Грош взяла, и вся трясётся: тяжко деньги брать!..
И зачем?.. А сын?.. О, Боже! Ведь она же мать!
Вот, пошла дорогой, плача, и в Броварах стала,
Пряник сыну прикупила, жалко, грошик малый...
Долго шла несчастная, долго причитала.
Было так, что под забором с сыном ночевала.
И зачем вам, молодые, чёрные глаза?
Чтобы под чужим забором пролилась слеза?
Вот, глядите и молитесь, чтобы не страдать,
Чтобы вам не приходилось москаля искать.
Чтобы знали, как ей, Кате, что ругала мать,
Почему их не пускают в хату ночевать.
Люди, может, и не знают, кто карать их будет,
Чернобровые, поймите, палачи-то - люди...
Люди гнутся, как лоза, куда ветер веет!
Солнце светит сироте (светит, но не греет).
Люди солнце бы закрыли, если была б сила,
Сироте чтоб не светило, слезы не сушило.
Так, за что же, Боже милый, мука та на свете?
Чем повинна, что желают злые люди эти?
Чтоб ты плакала сердечно, Катя - Катерина!
Не показывай ты слёзы людям до кончины!
Чтоб не портилось лицо с чёрными бровями,
В тёмной чаще ты умойся горькими слезами.
Не увидят тебя люди и не засмеются,
А сердечко отдыхает, пока слёзы льются.
Вот такое это горе, видимо, девчата.
Да и горе без разбора: бедный иль богатый.
Катю бросил, наигравшись с ней в саду, москаль.

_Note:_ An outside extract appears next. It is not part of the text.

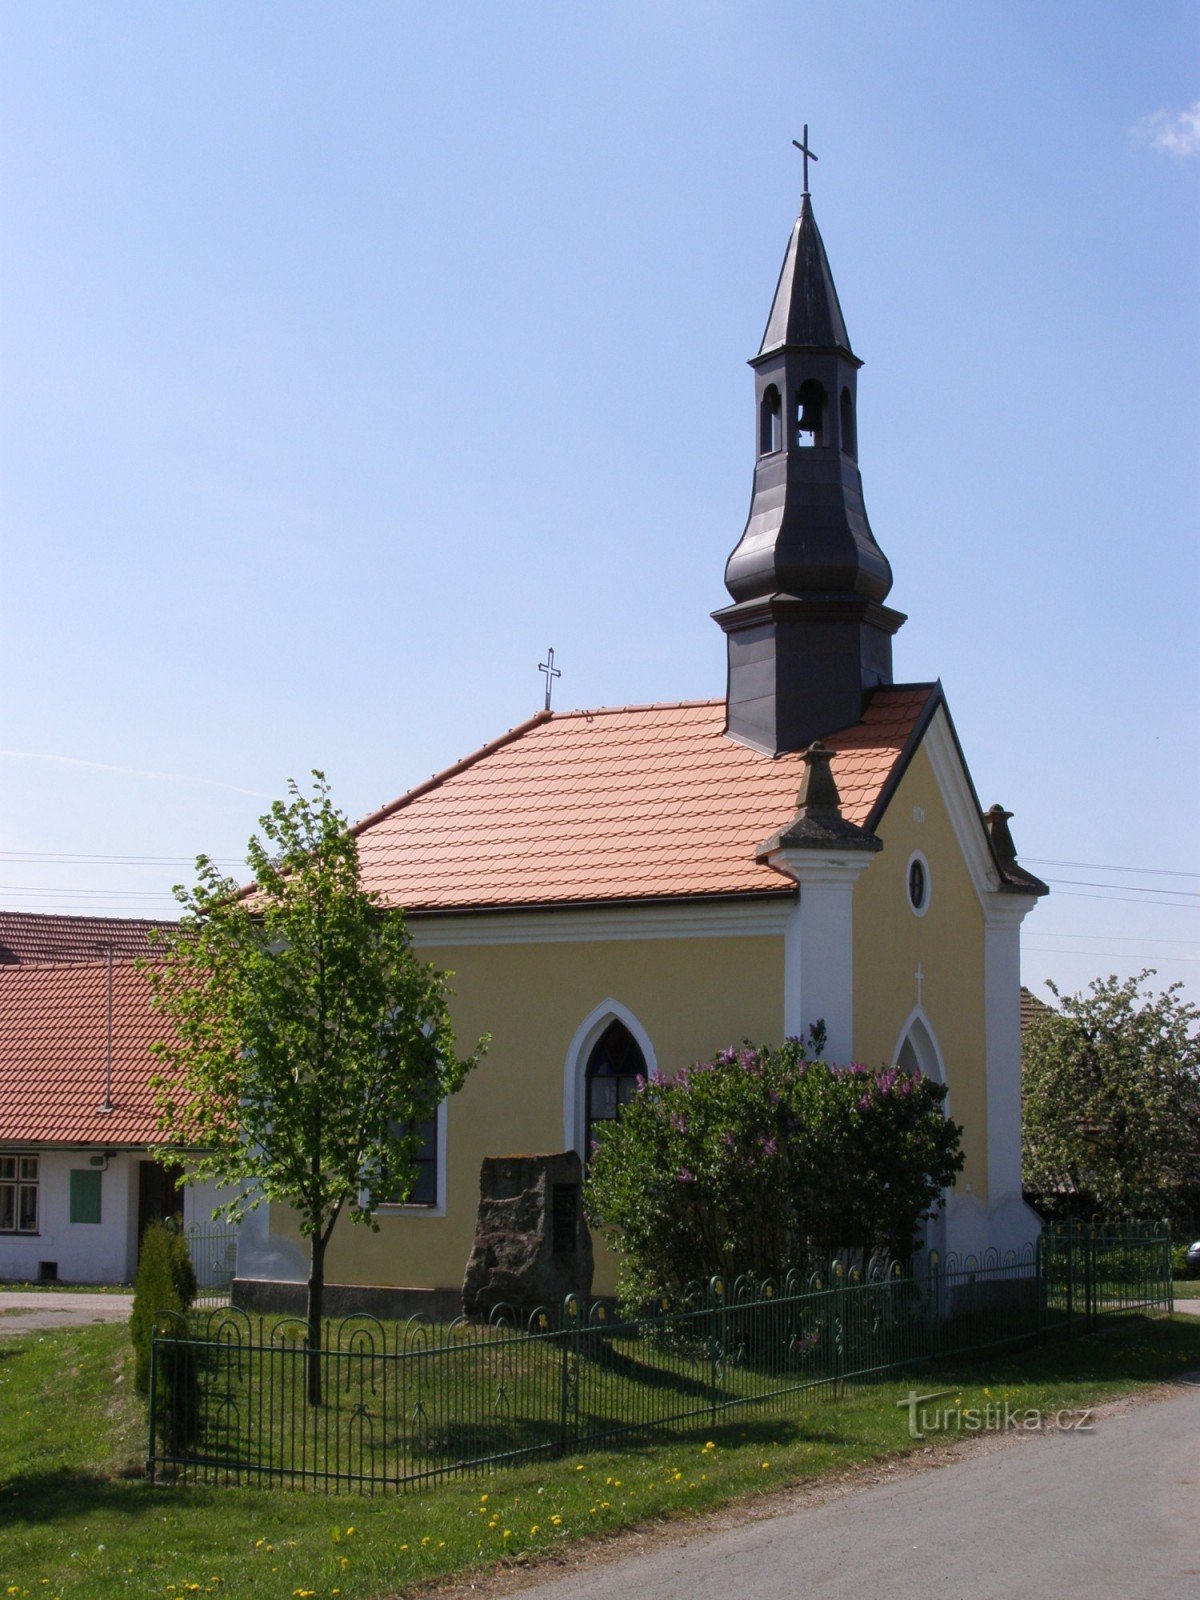 Soldat - chapelle

Люди знают, но им, видно, и дитя не жаль:
- Кто не может защищаться, - говорят не зря,
- Берегитесь от беды; не от москаля!

4
Вдоль долины, горы и оврага вековые,
Как деды стоят, те дубы, что при гетманах были.
Скован пруд, воду черпать в нём лёд прорубили;
И склоненные вербы там в ряд.
В небе хмуром солнце встало, чуточку краснеет.
Ветер дует - лес гудит, небо снегом сеет.
Вьюга свищет и ревёт, к лесу покатила,
И, как море, всё бело, снегом завалило!
Вышел из избы лесничий, лес чтоб осмотреть.
- Где тебе? Пурга такая, что не разглядеть!
Шут же с этим лесом, лучше в дом пойду... Что там?
Будто сотня бесов или кто по делу к нам?
Ты смотри, Ничипор, вроде москали?
Катерина подхватила: "Где те москали?"
- Видно, здорово свихнулась, выйди, погляди,
по ночам себе бормочешь: "Где же москали?"
Не одевшись, Катерина тут же полетела.
Сильно, видимо, Москва ей голову задела.
По сугробам и пенькам, чуть дыша, летит бегом.
Средь дороги боса стала, и утерлась рукавом.
Москали навстречу ей, как один, верхом сидят.
"Горе и судьба моя", - Катя к ним, среди солдат...
- Мой Иван, любимый, ты куда? Ведь это я!
Может Катеньку забыл, может не узнал меня?
Посмотри, мой голубок, посмотри, мой милый.
Я любовь твоя, я Катя, что ты рвешься с силой?
Он коня же погоняет и, не видя, скачет.
- Посмотри, мой голубь ясный, видишь, я не плачу!
Неужели не узнал? Сердце ты своё услышь!
- Эй, безумную уймите! А ты, дура, что бежишь?
- Боже мой, Иван, ты клялся, ты меня бросаешь?
- Прочь возьмите! Что вы встали?
- Значит, покидаешь?
Катерину ты свою, что в садик прибегала!
Катерину, что тебе ребёночка рожала!
Братушка, мой батенька, ты уж не побрезгуй,
Стану я служанкой в семье твоей, любезный.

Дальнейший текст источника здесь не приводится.